**TO DO**
What is needed is an exact copy of the listing, with no pictures in it.

**MATERIAL PROVIDED**
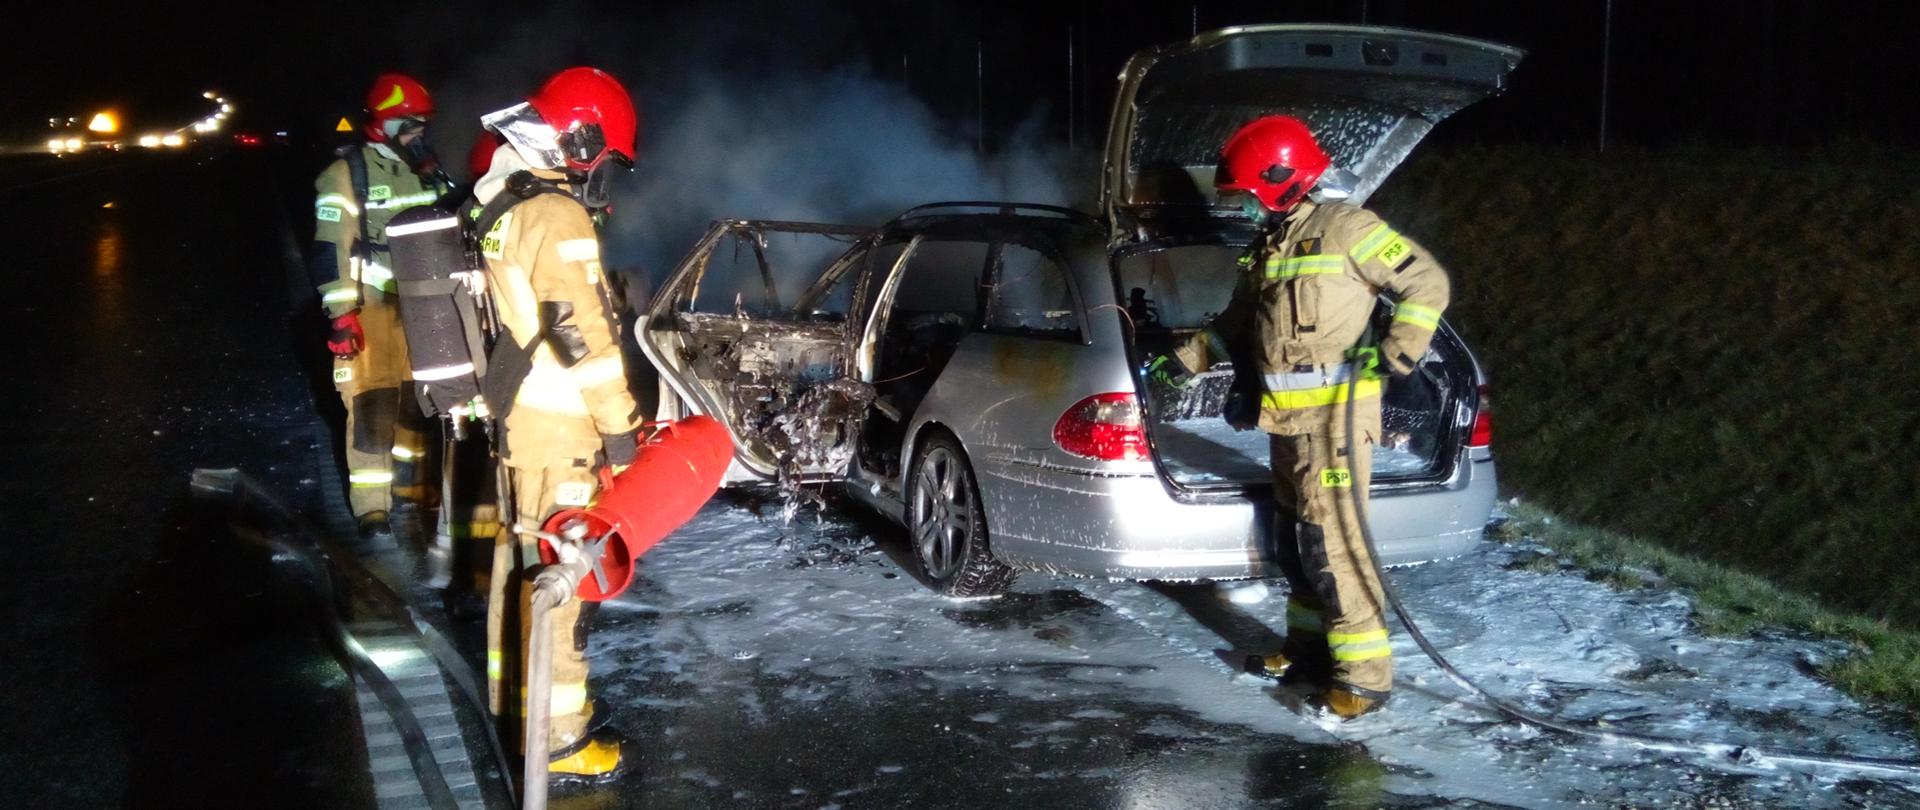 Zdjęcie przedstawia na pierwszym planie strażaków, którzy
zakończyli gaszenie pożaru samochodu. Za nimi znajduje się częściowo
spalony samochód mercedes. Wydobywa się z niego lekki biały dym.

**YOUR SOLUTION**
 Zdjęcie przedstawia na pierwszym planie strażaków, którzy
zakończyli gaszenie pożaru samochodu. Za nimi znajduje się częściowo
spalony samochód mercedes. Wydobywa się z niego lekki biały dym.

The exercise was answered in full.